The walk was quiet and awkward, something that Harry had never experienced with Hermione. She was strangely reticent, and he still hadn't been able to get her to tell him what had happened between her and Ron. Even more strange, he hadn't been able to get it out of Ron, either. All he knew was that they were fighting-he was pretty sure, anyway-they weren't talking, and he was caught in the middle. He rolled his eyes; it was like fourth year all over again, only without Krum lurking about.
"Did you finish your homework?" she asked him. Well, Harry reconsidered, she was talking to him, but it was stilted-small-talk, really.
"Yeah," Harry said. "We just had to answer the questions at the end of the chapter, right?"
Hermione nodded. "Have you finished your Transfigurations and DADA essays for tomorrow?"
"Yeah."
"What about Potions?" she continued. "Do you understand what we've been doing in class?"
"Sort of," Harry said. He glanced over at Nott to see what he thought about all of this, but Nott was looking straight ahead and saying nothing. He'd been quiet in Potions, too, now that Harry thought about it. Harry narrowed his eyes; Krum might not be around, but Nott was, and he'd certainly had his suspicions about the two of them-
"Well, if you need me to go over it with you-"

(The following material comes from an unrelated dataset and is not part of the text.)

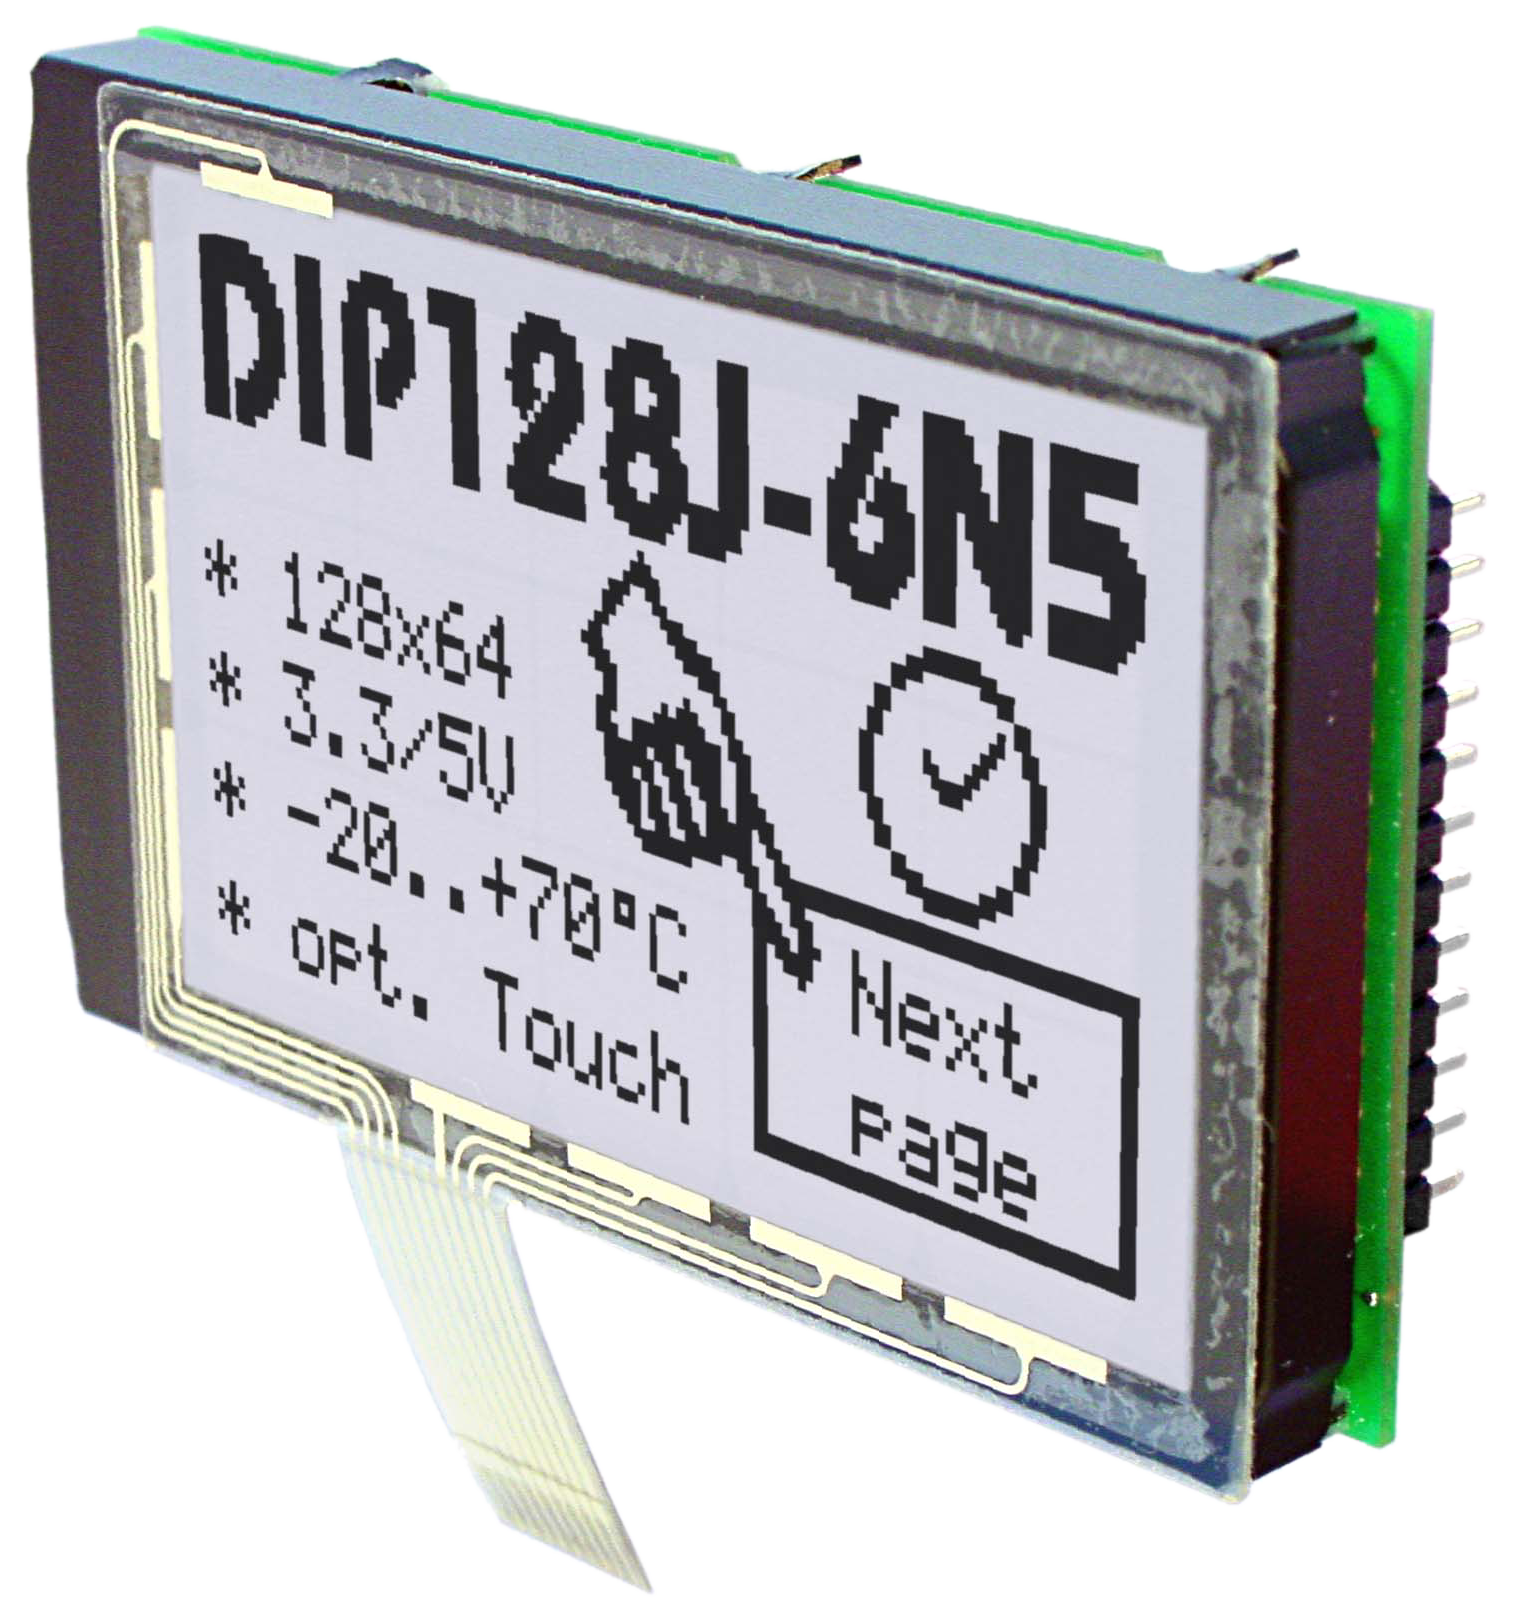 LCD Displays in Chip on Board (COB) TEchnik, hier EA DIP128 als Grafikdisplay mit 128x64 Pixeln

"Did Ron find out?" Harry interrupted her, bluntly. Nott looked up quickly. So, he had been paying attention. Harry pursed his lips. He didn't care who Hermione dated, but if he was going to have to deal with Ron sulking over it, he wasn't going to be very happy.
"Find out what, Harry?" Hermione asked. She was terrible at evasion.
"Don't insult him, Hermione," Nott said quietly. "You know what he's talking about." Harry nodded in affirmation.
"How did you know?" she asked with a sigh.
Harry shrugged his shoulders. "I'm not completely oblivious, you know."
Hermione grimaced, glancing around her. "We haven't really discussed it, you know," she started. "Theo and I, I mean."
Nott raised his eyebrows. "I assumed it to be understood," he said to her. When she gave him a blank look, he added, "What? You want me to ask you to be my girlfriend?"
Hermione snorted and slapped his shoulder. "Nothing quite so frivolous," she answered.
Harry cleared his throat. "Ron?"
"Weasley saw us kissing," Nott said with a shrug. Harry winced: poor Ron. "It wasn't the way I would have wanted him to find out, but what's done is done."
"He's being ridiculous about it," Hermione added angrily. "I tried to talk to him yesterday, but he's acting like…like a git! He just sneers at me and leaves the room."
"He's pretty besotted with you," Harry said frankly.
Hermione rolled her eyes, but it was Nott who spoke, saying with a cheesy grin at Hermione, "Small world." Hermione slapped him again.
"Ron's just going to have to get over it," she said matter-of-factly. "I gave him innumerable opportunities, and, I'm sorry Harry, but I'm just not interested in him any longer." She shrugged, unrepentant.
It was then that Malfoy loped up to them, falling into step next to Nott and pounding him on the back cheekily. "Good for you, Nott," he said. Nott pointedly brushed his shirt off and gave Malfoy an arched look.
"Nice to see you again, Malfoy," he said. "It's been ever so long."
Malfoy ignored him, instead focusing on Hermione, who looked entirely uncomfortable with the attention. "So, landed one, have you, Granger?" he asked. "Nott's a respectable catch-decent standing, and his Gringott's vault isn't entirely empty."
Hermione looked disgusted, and really, Harry wasn't far from it himself. Nott, on the other hand, looked quietly amused.
"Malfoy, you disgusting insect," Hermione said. "I'm not after his money. Don't ever presume to insult me in such a way again, or I'll make that pretty little face of yours look like the back-end of a flobberworm."
"You little-"
"Malfoy," Harry and Nott said simultaneously. Malfoy sneered at both of them and then turned back to Hermione.
"I don't like you, Granger," he said instead. "I think you're a pretentious little bitch, actually, but I have some small amount of respect for Nott, so I'll temper my tongue when in your presence, but I promise you: raise your hand to me even once and I'll raise mine right back. I have no compunctions about hitting a woman-or a girl, as the case may be. Furthermore," he added, "fuck off. It was a joke, you toff."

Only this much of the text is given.